Das trifft auch auf die Relationen zwischen variablen und fix verzinsten Finanzierungen zu. Deutschland gibt den Ton an - mit der Mehrheit von fixen Finanzierungen bei deutschen Kommunen.


Abschließend darf ich ganz allgemein noch ein paar wesentliche Botschaften übermitteln, die im kommunalen Bereich für Veranlagungen und Finanzierungen hilfreich sind.
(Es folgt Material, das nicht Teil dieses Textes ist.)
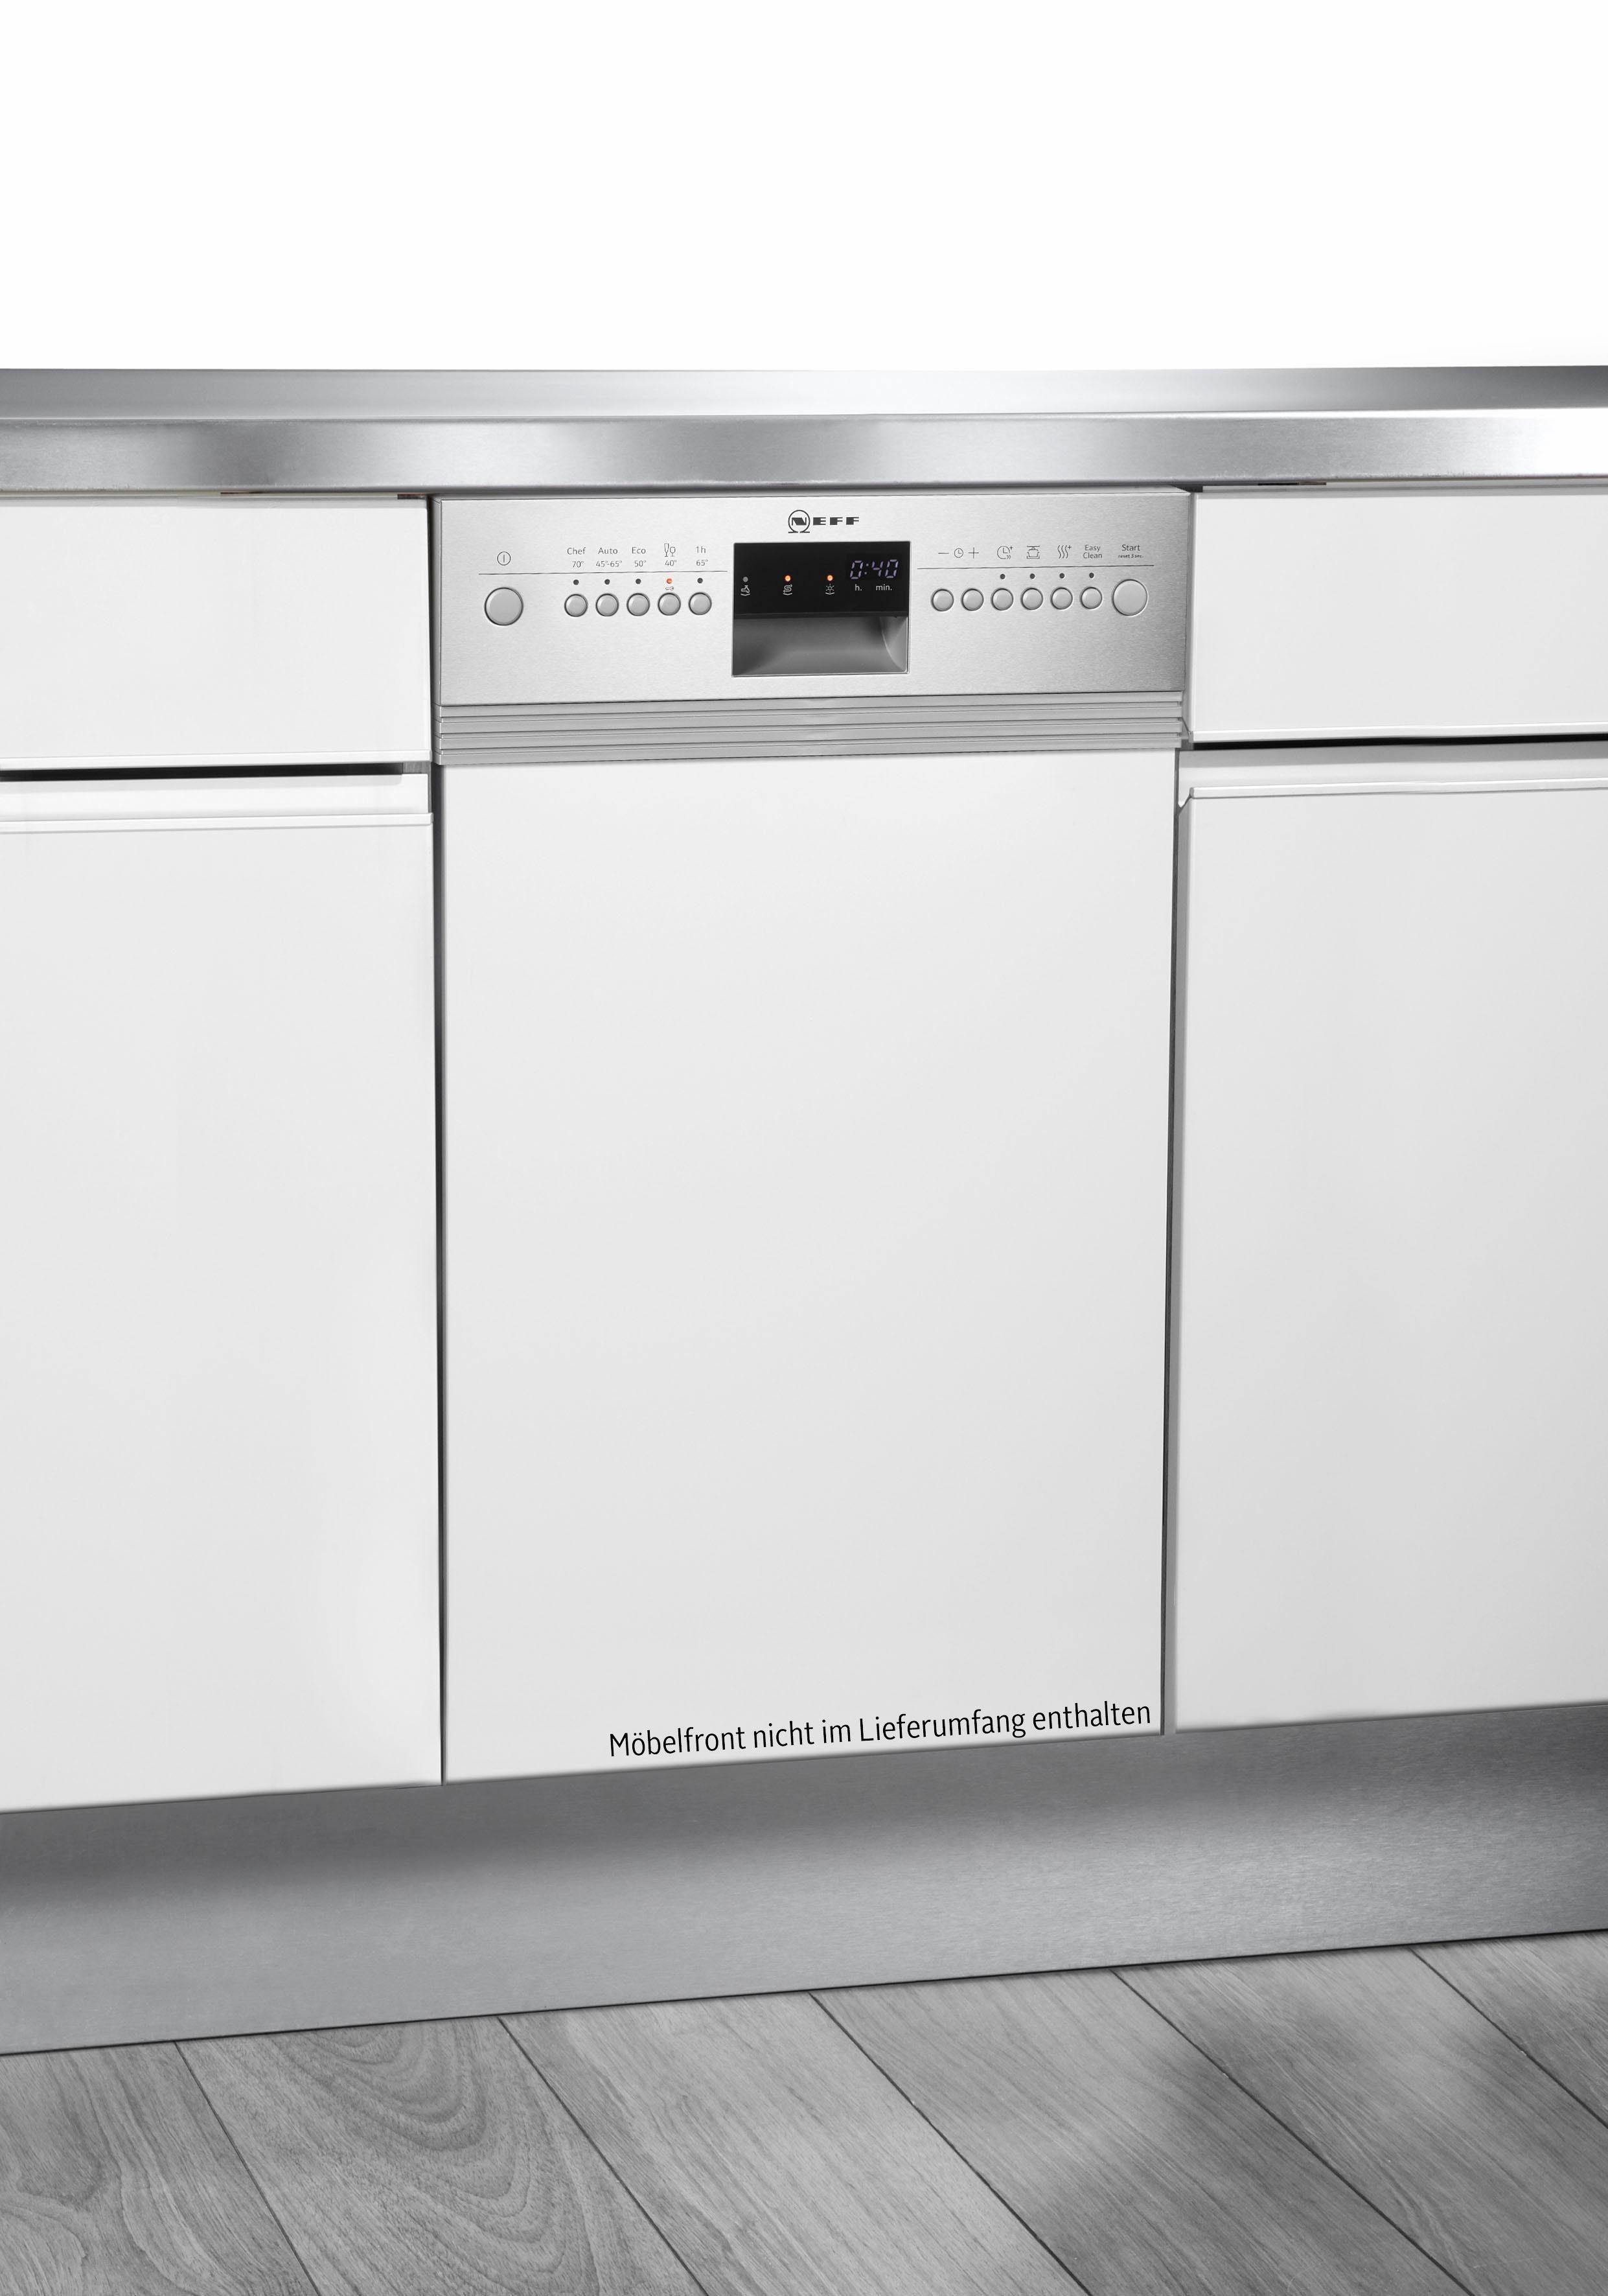 NEFF teilintegrierbarer Geschirrspüler, S483C50S2E, 0,85 l, 9 Maßgedecke, 45 cm breit
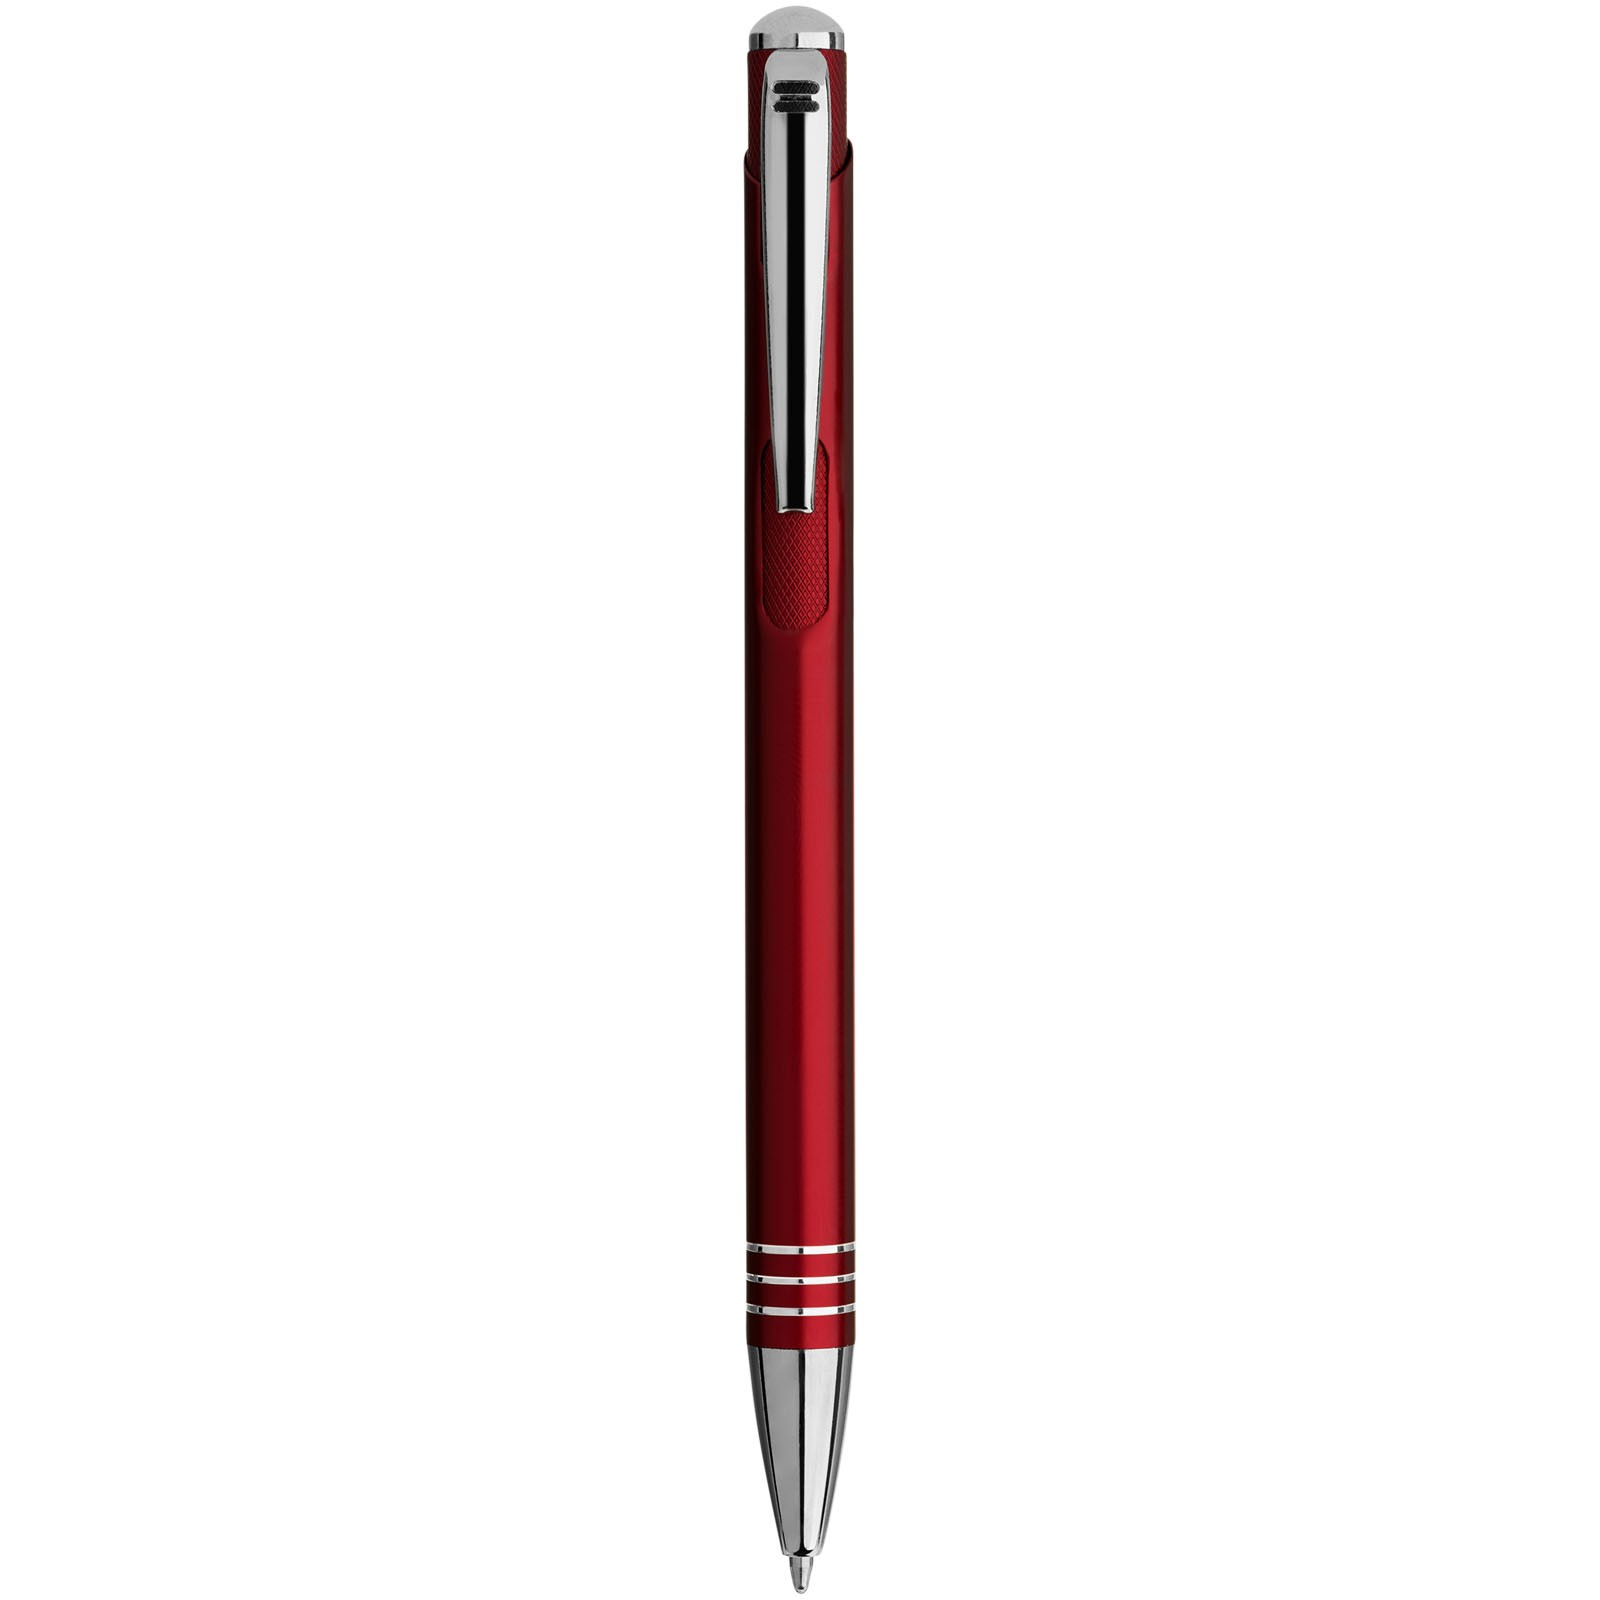 Kuličkové pero Izmir s vroubkovaným tlačítkem - Červená s efektem námrazy

Heinz Hofstaetter, Österreichischer Gemeindebund
  • Die Laufzeit bzw. aktuelle Restlaufzeit von Veranlagungen (Behaltedauer) muss den jeweiligen Liquiditätserfordernissen angepasst sein. Damit soll dem jeweiligen Risiko zum jeweiligen Zeitpunkt Rechnung getragen werden. Hilfreich kann dazu eine Liquiditätsrechnung oder der mittelfristiger Finanzplan sein.
  • Veranlagungen sollten ausschließlich in liquide Finanzinstrumente erfolgen. Das heißt, dass die Instrumente jederzeit zu marktkonformen Kosten gehandelt werden können, ohne dass die Marktpreise wesentlich beeinflusst werden.
  • Bitte achten Sie auf Produkte, die zwar im EUR abgerechnet werden aber grundsätzlich auf Fremdwährung lauten (zB. Wertpapiere in Fondsveranlagungen). Hier wäre sowohl eine Begrenzung im Volumen nach oben als auch eine gewisse Mindesthaltedauer sinnvoll, da sich Währungsschwankungen über der den Zeitablauf eventuell ausgleichen könnten.
  • Die Laufzeit der Finanzierung von Investitionen sollte sich an der betriebsgewöhnlichen Nutzungsdauer orientieren, damit nicht nach Ablauf der Nutzungsdauer noch Finanzierungskosten zu tragen sind. Auf der anderen Seite sollten auch zu lange Finanzierungslaufzeiten vermieden werden, da dies sonst zu überhöhten Finanzierungskosten führen kann.
  • Gemeinden sollten in der Regel zumindest über zwei Finanzierungspartner mit Hausbankfunktion verfügen.
  • Entscheidungen sollte immer auf der Basis einer festgeschriebenen Marktmeinung der Gemeinde erfolgen.
  • Finanzinstrumente sollten nicht nur beim Abschluss analysiert werden, sondern auch einer regelmäßigen Überprüfung unterzogen werden.
  • Ein laufendes Reporting an die Entscheidungsträger ist unumgänglich.
Über Heinz Hofstaetter

Heinz Hofstaetter ist seit 2016 Geschäftsführer der FRC-Finance & Risk Consult GmbH. Als Betriebswirt mit Abschluss an der Wirtschaftsuniversität Wien und als Bankkaufmann begann er seine berufliche Laufbahn bei KPMG in Frankfurt am Main in den Bereichen Industrie, Anlagenbau, Lebensmittel, Banken und Corporate Finance.

Es folgte der Einstieg in das Bank- und Kapitalmarktgeschäft bei der Bank Austria Investmentbank in Wien. Als langjähriger Prokurist und Vorstand der HYPO NOE im Bereich Finanzierung (Public Finance, Real Estate, Project Finance) mit einer Bilanzsumme von ca. 15 Mrd. und als Geschäftsführer von zwei Investmenthäusern in Österreich beschäftigte er sich intensiv mit den Themen Finanzierung und Kapitalmarktanlagen. Er war unter anderem verantwortlich für ein diversifiziertes Portfolio von Assets under Advisory von 6,5 Mrd. EUR in allen Vermögensklassen.

Darüber hinaus hat Herr Hofstaetter bis 2008 eine nachhaltige Verbriefungsplattform für langfristige Vermögenswerte aufgebaut. Das Setup einer Bewertungsplattform von 2009 bis 2015 für komplexe Finanzinstrumente in Frankfurt am Main rundet seine universelle Ausrichtung ab.